VLVL2 (9) Opening line +
Paul Nightingale
isread at btopenworld.com
Mon Nov 10 03:13:48 CST 2003
>From Tim:
>>The way in which DL delivers the remark, however ("DL's voice finding some
agitated soprano level"), suggests that it rises in pitch toward the end of
the four words, thus being asked as a question. Is it possible to do this
without the remark *sounding* like a question?<<
DL repeats (and transforms) the question Prairie asked. She then describes
the narrative connections between herself and Takeshi, Ralph and Brock Vond,
scene-setting that, in narrative terms, should be juxtaposed to the way
earlier chapters have opened.
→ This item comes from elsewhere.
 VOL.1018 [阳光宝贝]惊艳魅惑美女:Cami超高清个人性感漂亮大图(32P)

She begins by not answering the question,
although clearly the story she tells is the only way of adequately doing so.
Of course, one of the great drawbacks of taking characters out of the
narrative, treating the text as a series of clues that can be picked up to
reassemble an autonomous character (aka the 'real person'), is that
characters don't exist outside of the narrative, not just what is written,
but also how. Hence, "DL's voice finding some agitated soprano level" is but
another example of temporising; which in the way I've read it previously (ie
not ignoring the term's ambiguity) is the key to storytelling here. What is
told can only be told in the way it's told.
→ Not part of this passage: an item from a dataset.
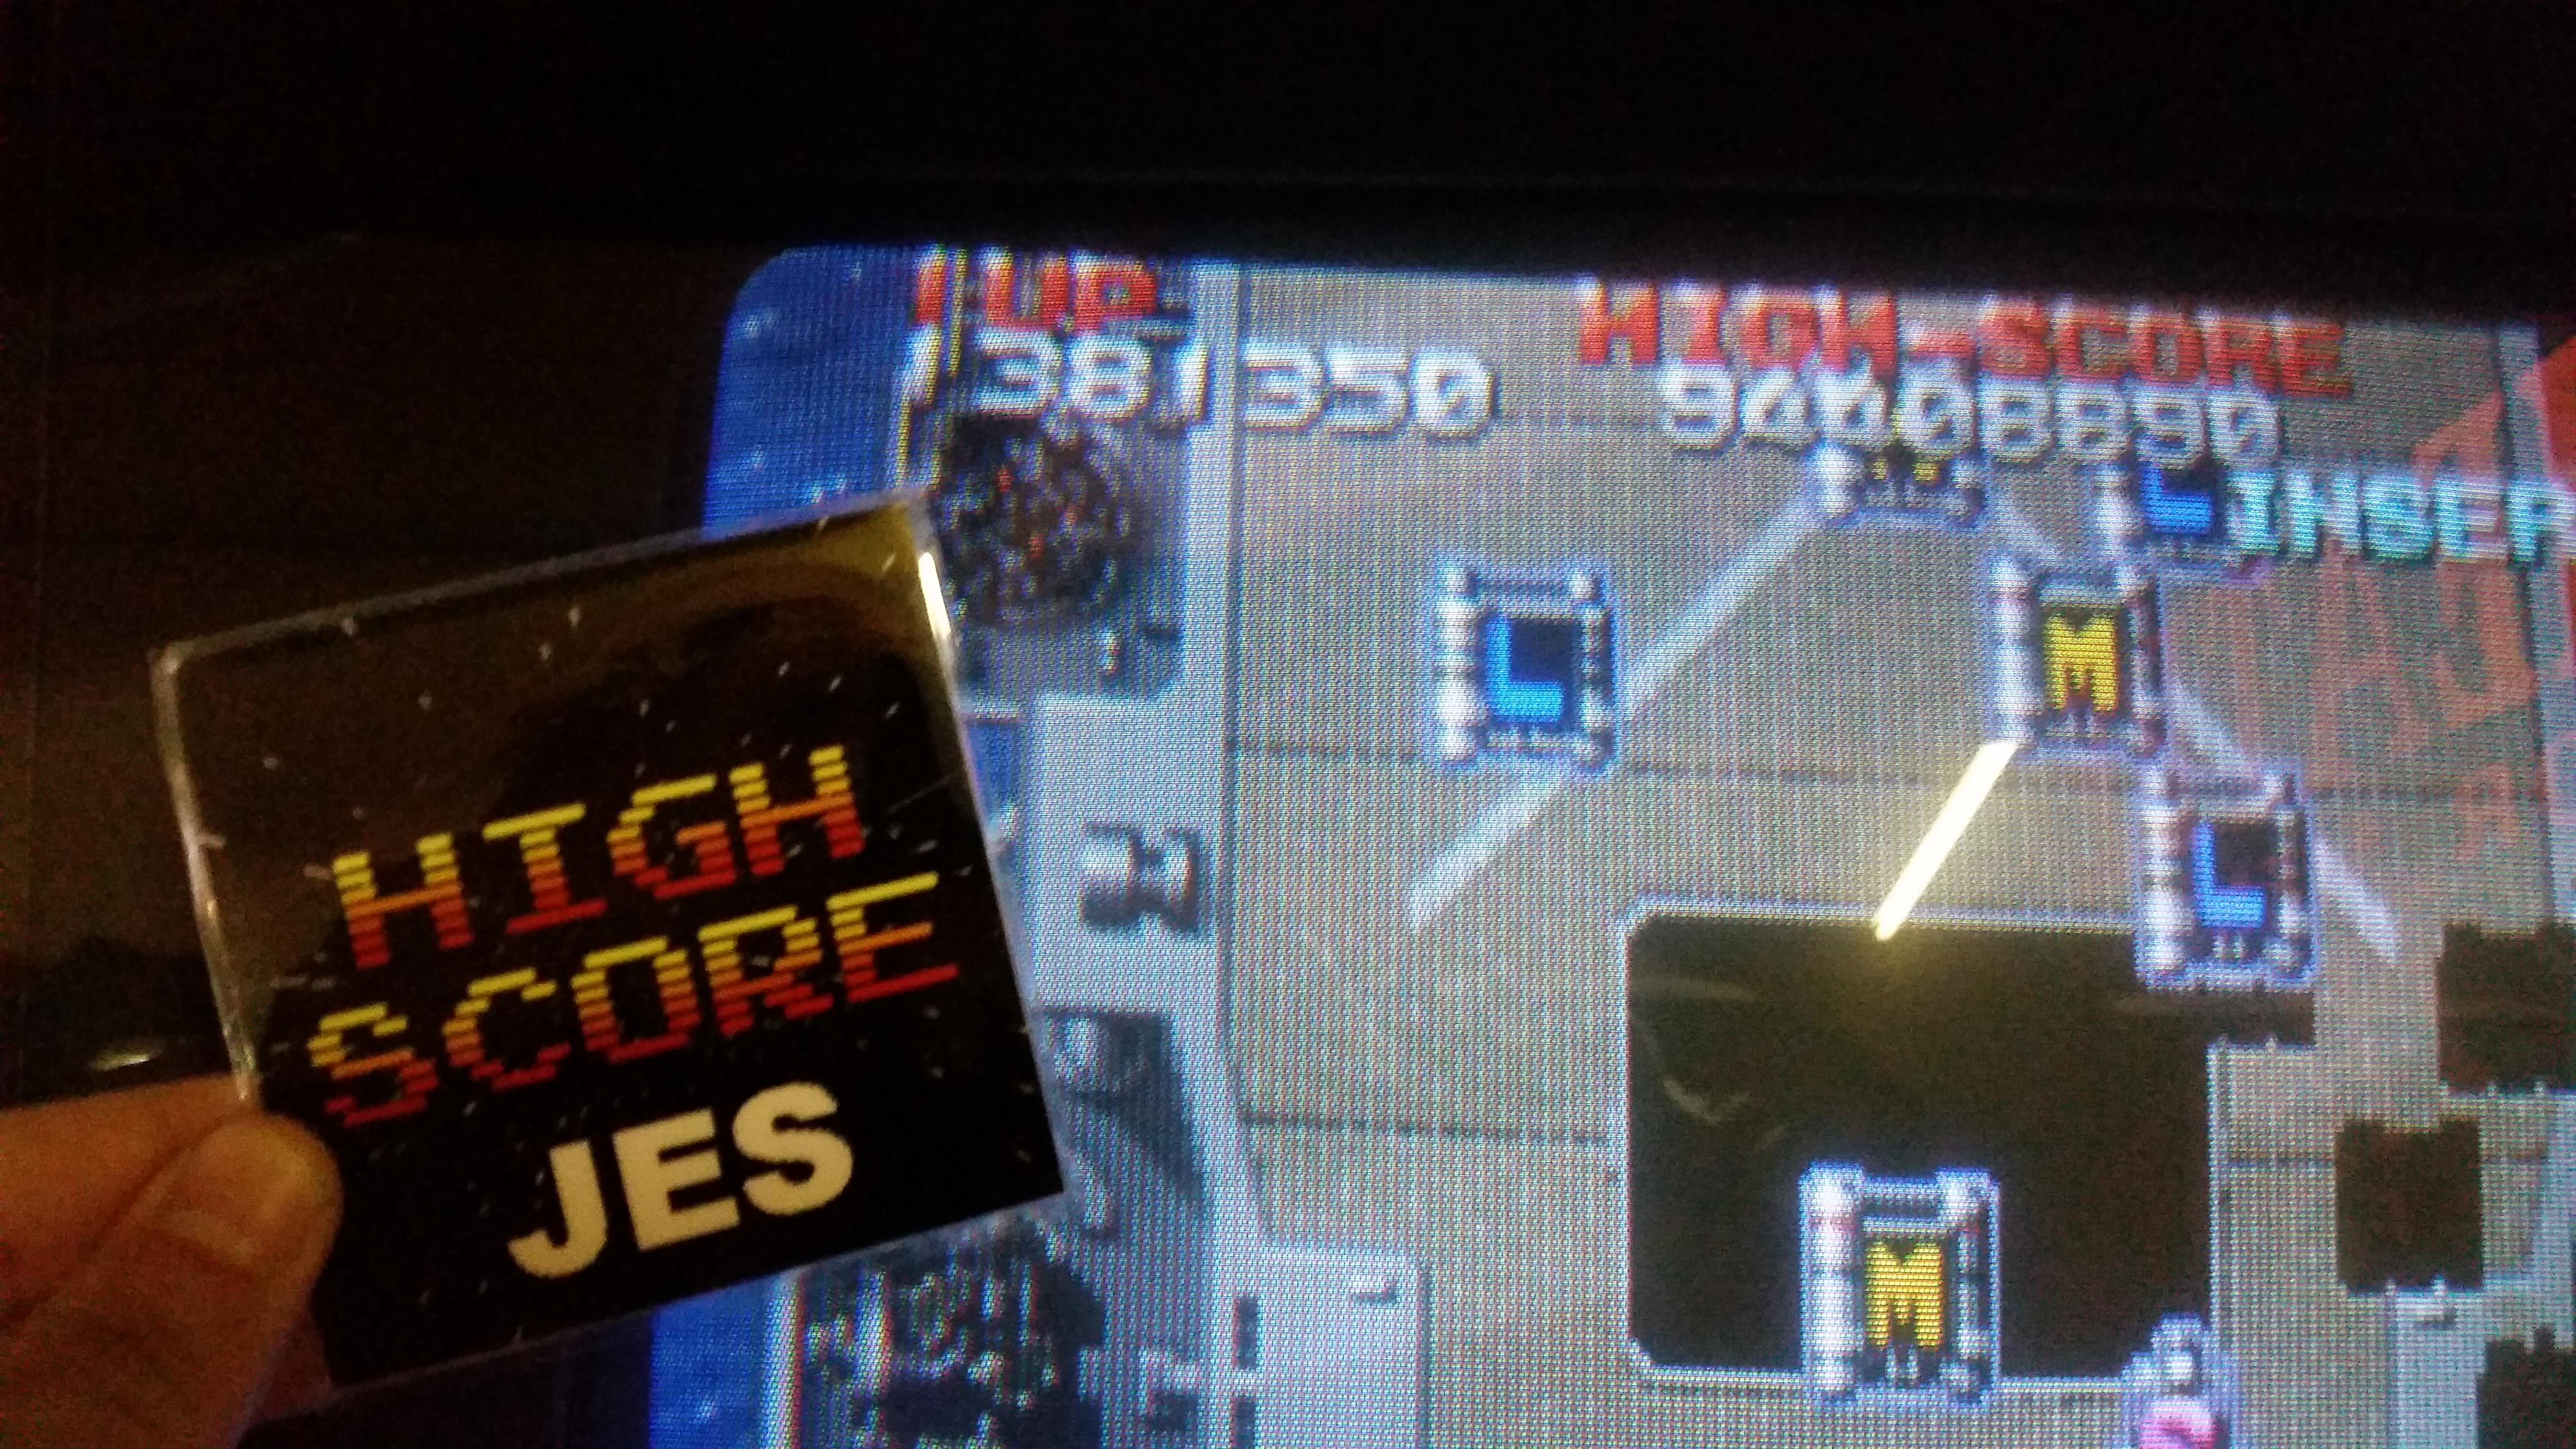 JES: Raiden Fighters (Arcade) 1,381,350 points on 2017-05-05 01:55:25

The opening question-that-isn't (?) is followed by one that is, a question
of agency. Ralph is an object of DL's gaze, "some kind of groupie. She'd
noticed him, among the spectators". In this version, DL's, the performer is
idealised and, consequently, empowered.
However, this is only because she is an object of his gaze: "Ralph never
thought of the look on his face as the helpless stare of an older man
through a schoolyard fence, but more as the alert beaming of a
micromanager." Hence, "the time he'd invested had yielded him a file he knew
he'd make use of one day ..." (132). Ralph approaches her in the coffee
shop, "looming over her food and glaring at it".
His passive gaze through the fence (as just another groupie) is replaced by
a rather more active gaze, deflected from DL to the "rubber scampi" (in
Tim's "sophomoric joke").
Furthermore, the first dialogue exchange in the chapter has Ralph asking:
"How can you eat that?" To which DL responds: "Just what I ask myself." This
of course is what has happened when she repeats Prairie's question by asking
herself how she met Takeshi.
When he finds her, "she had been staring dejectedly, apparently for some
time" at the food. This is a low of sorts; and the performer has been
disempowered by a mismatch between skills and income (even if Ralph's offer
will remind us that the exchange-value of any skill is a quite arbitrary
arrangement).
Anyway, one infers that DL's meals aren't a source of great pleasure; but
that "apparently" belongs to Ralph. Hence DL's dejection confirms his
mastery of the scene. DL temporises: "She promised to give him her decision
at dinner the next evening" (132), a meal that is postponed until the blind
date, orchids and champagne, sex and steaks (137-140). At which time she
notes that she has been bought "for the sticker price of a Lamborghini plus
options. How could a girl not be impressed?"
Another question-that-isn't. After all, reminding herself of the offer she
declined previously, "as lagniappe she'd get the chance to ice detestable
Brock Vond once and for all" (139).
A fine word, "lagniappe"; and delightfully ironic in context.